A margine dell’incontro, Carella ha ricordato gli impegni per il 2019: le gite ai porti e sulle navi, il raduno nazionale a Palermo in settembre e la riunione di tutti presidenti regionali Anni a Piacenza, in maggio. Purtroppo, un punto critico riguarda la sede. Dal 2016, grazie all’Associazione Alpini, i marinai si ritrovano in una sede al Daturi. Erano dieci anni che cercavano una casa. Numerose le domande presentate a diverse istituzioni, finora senza risposte. Avere una sede un po’ più grande consentirebbe di svolgere maggiori attività e di poter esporre il numeroso materiale storico in possesso dei soci.
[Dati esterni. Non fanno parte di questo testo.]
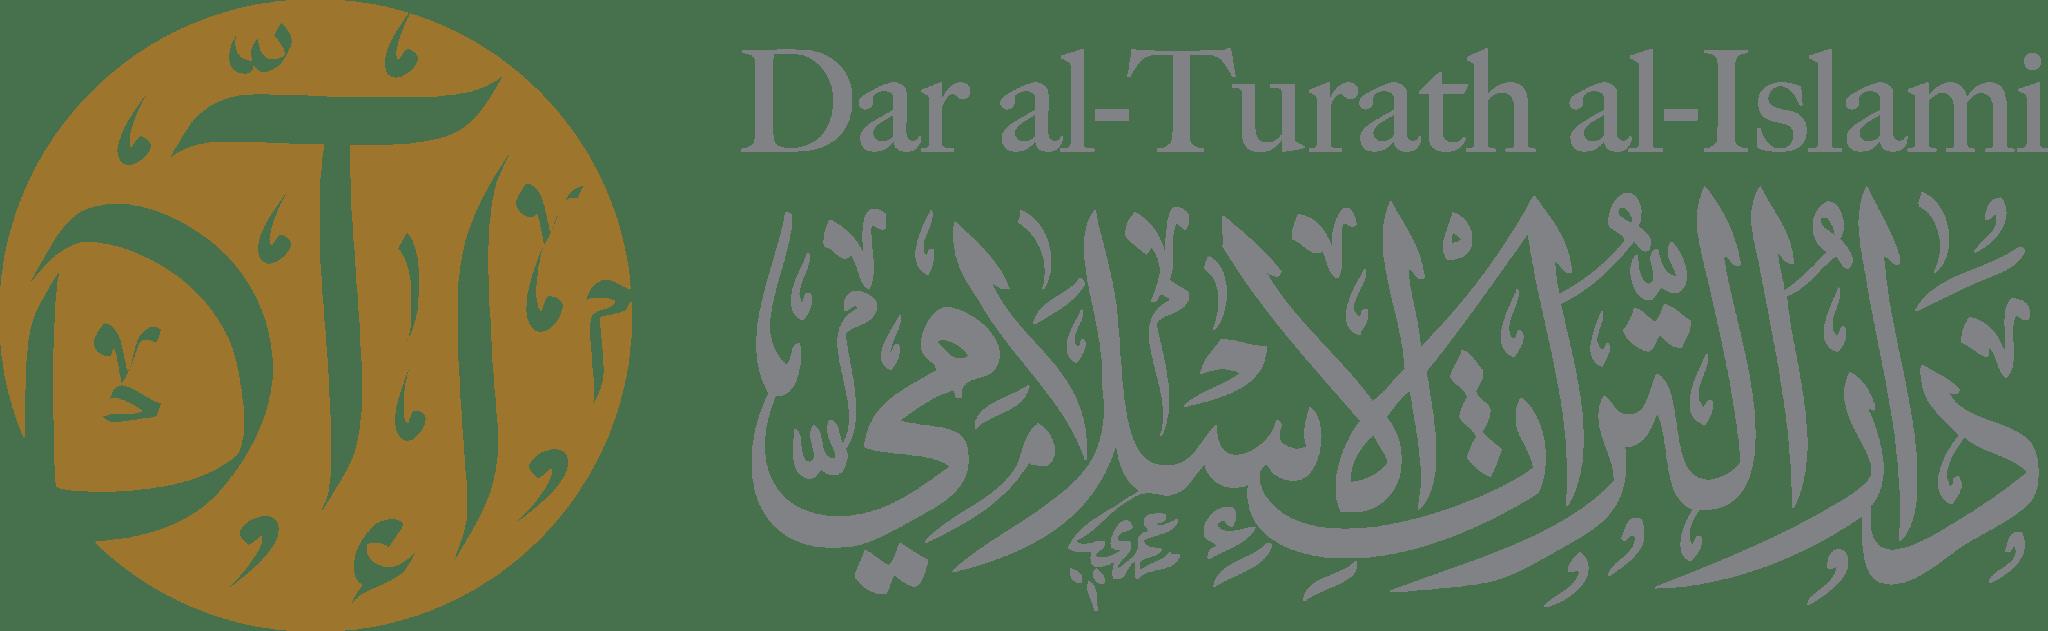 dti gold logo

Piacenza non ha mai avuto così tanti marinai. In servizio, attualmente, ci sono il capitano di fregata Daniele Verdi, originario dell'Infrangibile, che lavora a Venezia; il tenente di vascello, pilota di elicotteri, Alberto Mussida entrato in Marina nel 2007 e il guardiamarina Nicole Tumminello, di Podenzano, in servizio a MARISPEDAL Taranto. Tumminello, ufficiale del ruolo speciale, è veterinario e si occupa di controlli sanitari e chimici (ad esempio l’analisi del cibo) nella base navale di Taranto. Infine, Delia Cordani, sottocapo di prima classe, è imbarcata sul cacciatorpediniere Duilio, come specialista in telecomunicazioni.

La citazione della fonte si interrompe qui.